“Gaza is nothing without the beach. It’s the only escape for the people.”
That’s a line from a Palestinian surfer in Gaza Surf Club, a 2016 film which documents an intergenerational and mixed-gender group of surfers in Gaza. On Friday, Nov. 17, the documentary screens in San Francisco and Berkeley as part of a grassroots effort to raise relief funds for families impacted by the ongoing conflict between Israel and Hamas.
The death toll from Israeli air strikes in Gaza surpassed 11,000 late last week, according to Gaza’s ministry of health. While the Israeli government has said its air strikes are a necessary response to the Oct. 7 attacks by Hamas that took around 240 people hostage and killed approximately 1,200 in Israel, a human rights expert from the U.N. has said the Israeli military’s current bombardment could soon amount to “ethnic cleansing.”
“This is about amplifying Palestinian voices, which aren’t very accessible right now,” says Yasmine El-Hage, a Bay Area surfer of Lebanese, Peruvian and Iranian descent who is co-organizing the San Francisco event. “Lives in the Middle East and for people of color worldwide aren’t valued equally in our discourse.

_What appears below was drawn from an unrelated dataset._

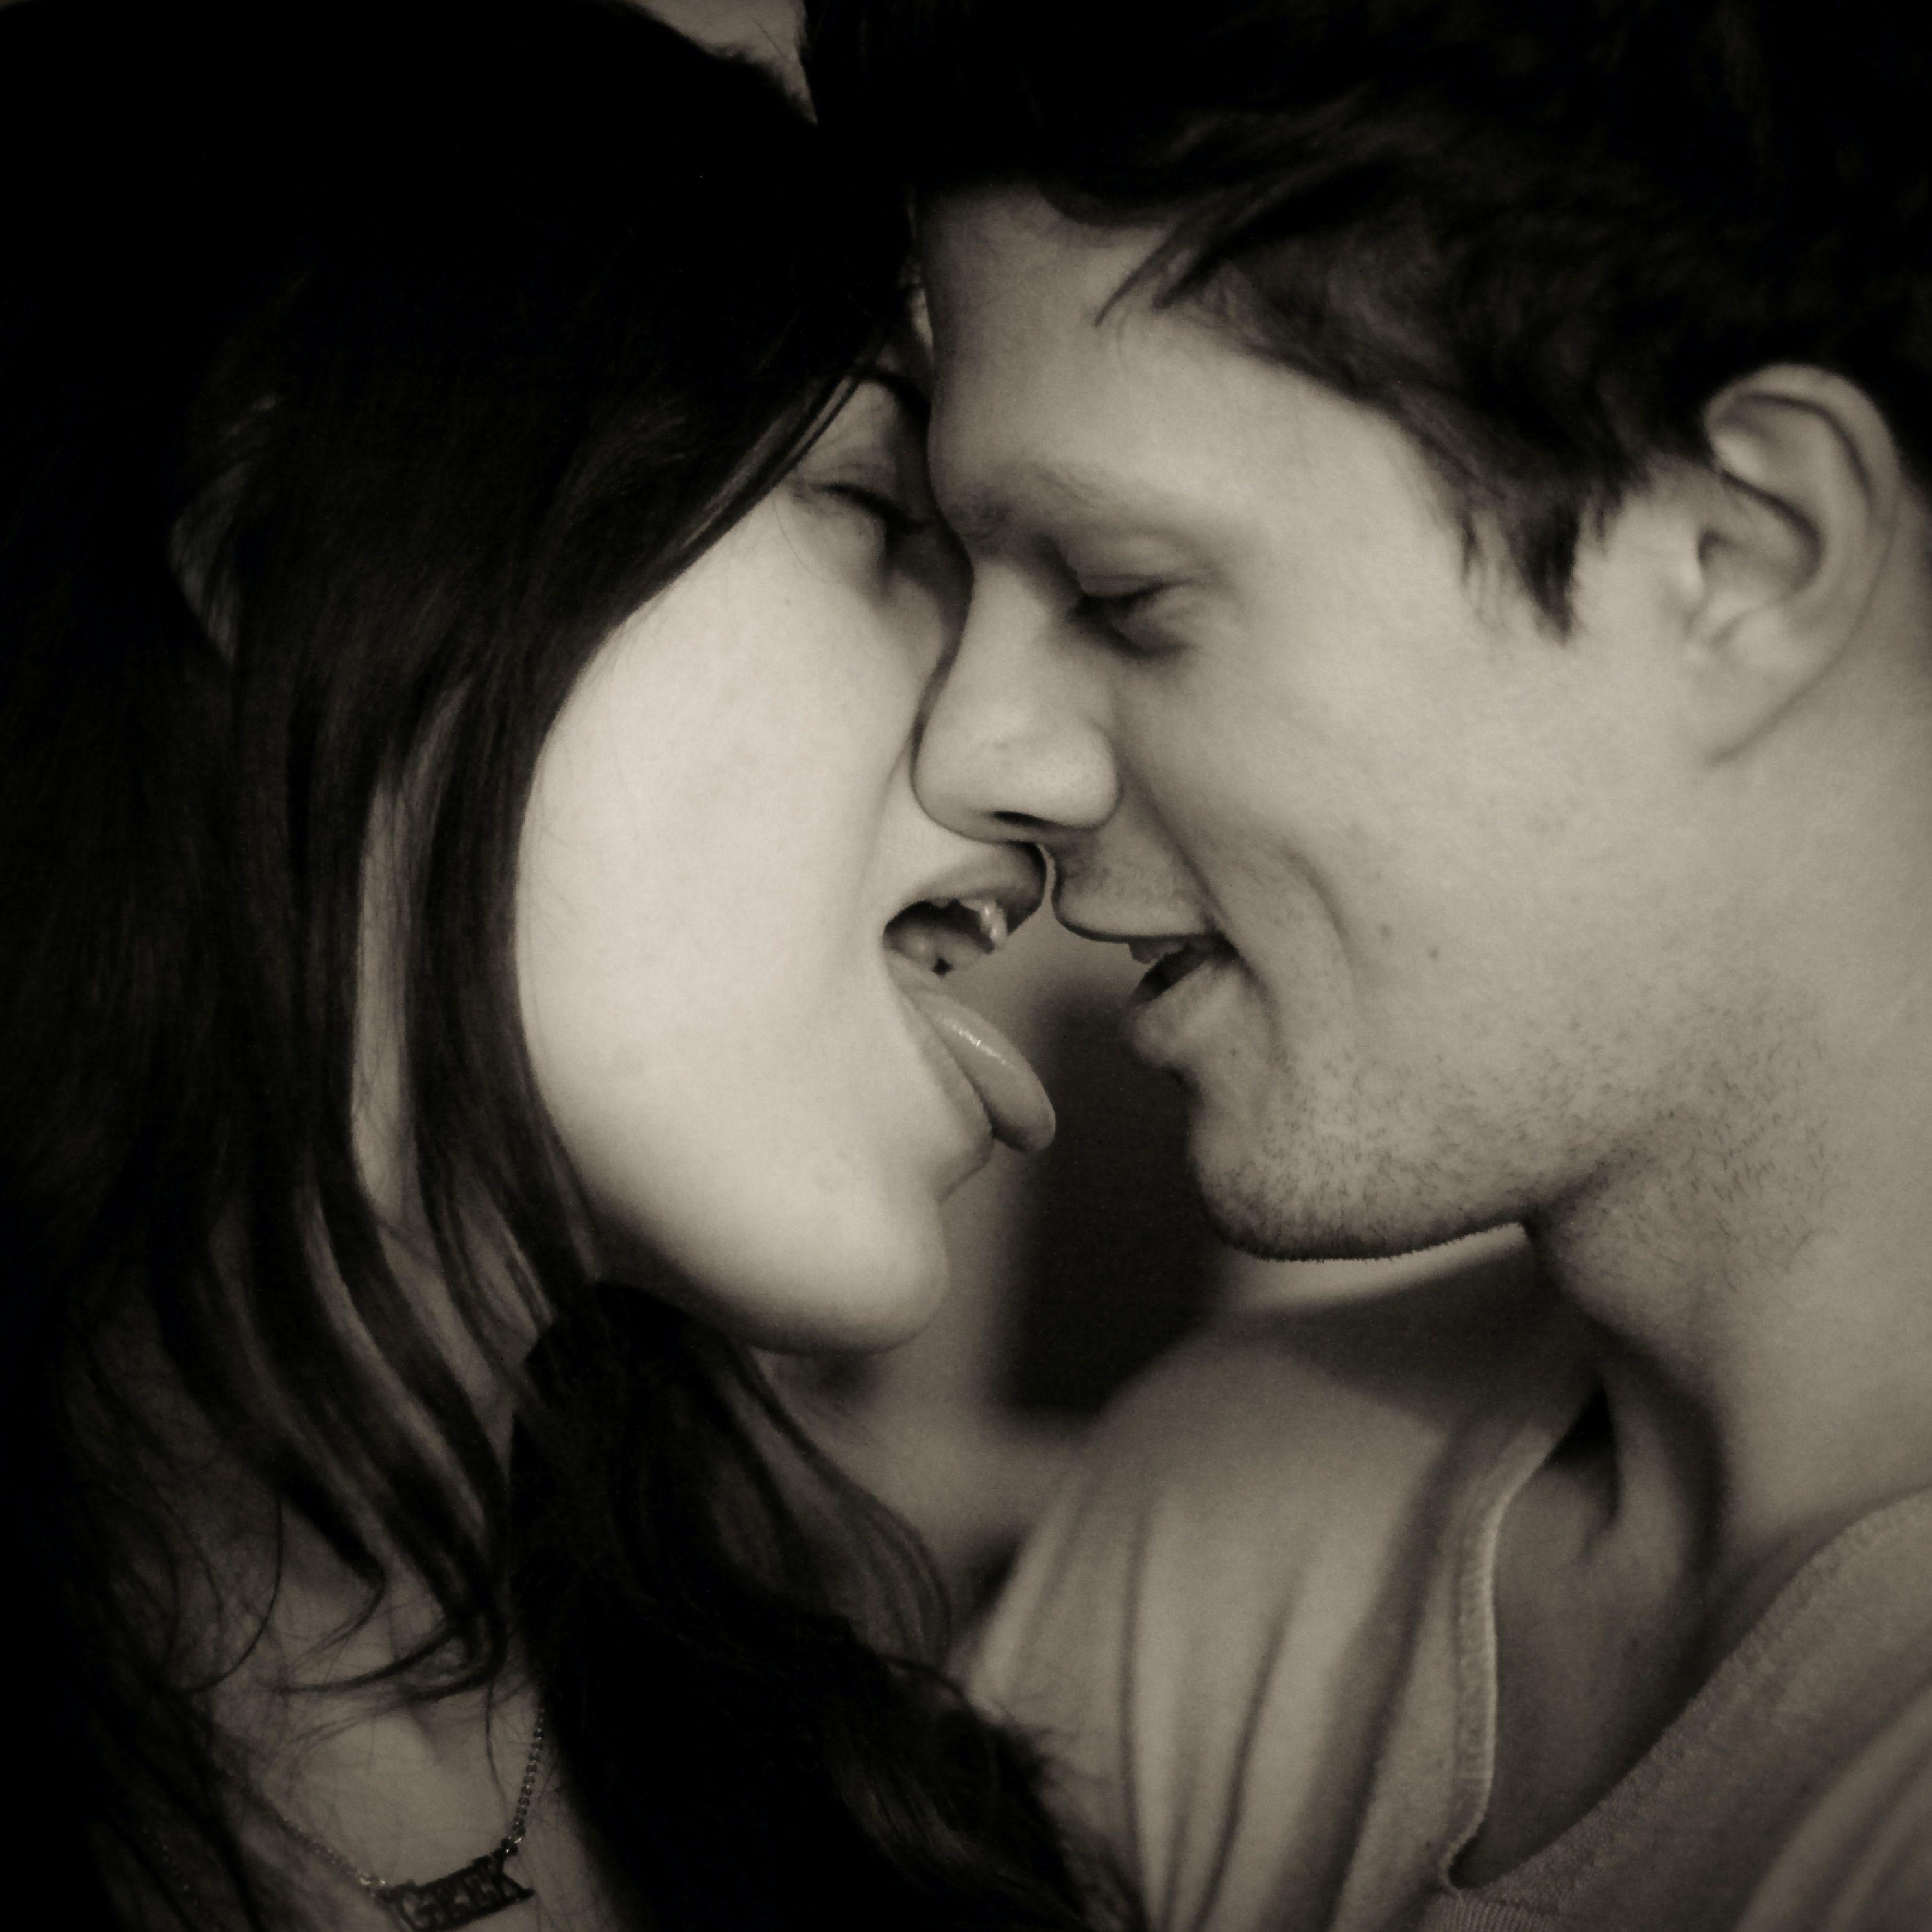 Reasons for sexual intimacy such as lack of kissing 
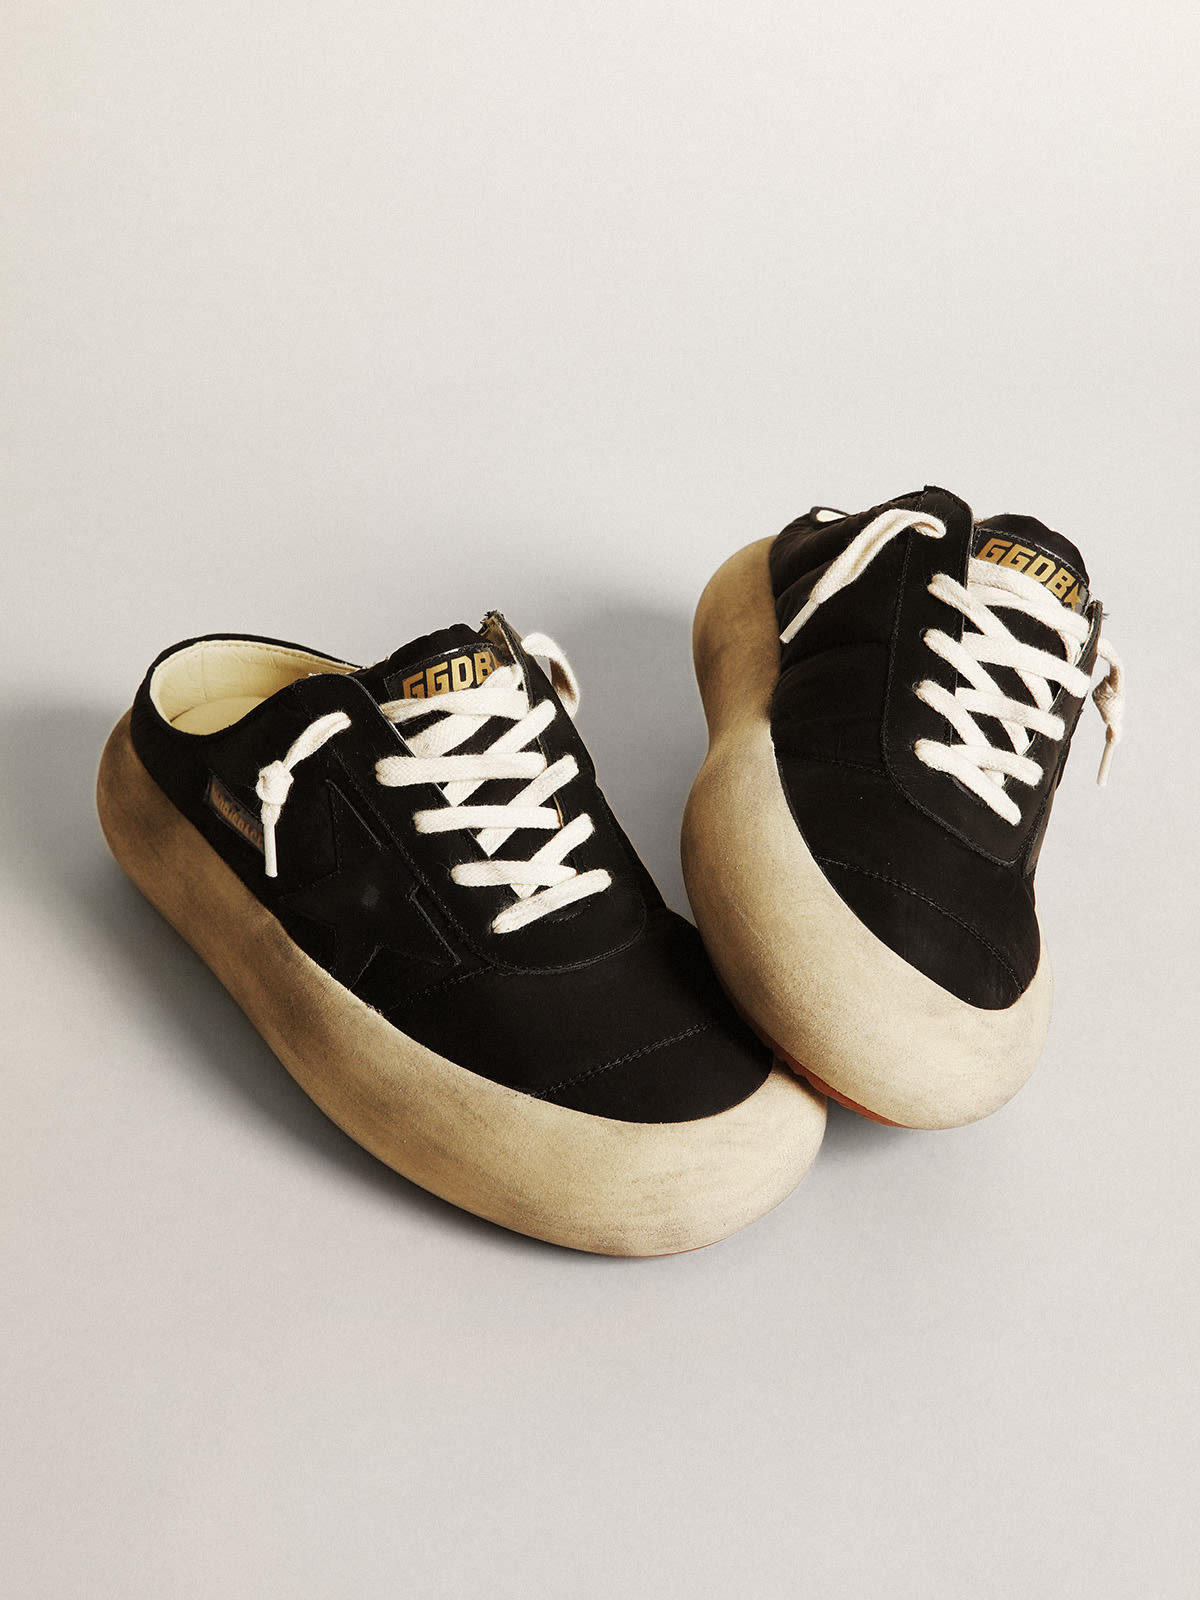 Golden Goose - Women's Space-Star Sabots in black nylon with black leather star in

We see the numbers [of deaths] rising to 11,000, but we need to be reminded that these are people with dreams, just like us.”
For El-Hage and her community of waveriders, that means cultivating a space for connection and discourse centered on a universal human need: access to water. El-Hage — who has volunteered her time as a member of an oil spill emergency response team, and who is active in advocating for clean water rights in San Francisco’s Bayview-Hunters Point community — has previously worked in refugee camps amid various crises. For her, surfing is an escape and a reflection of the human condition, regardless of where you stand on a map.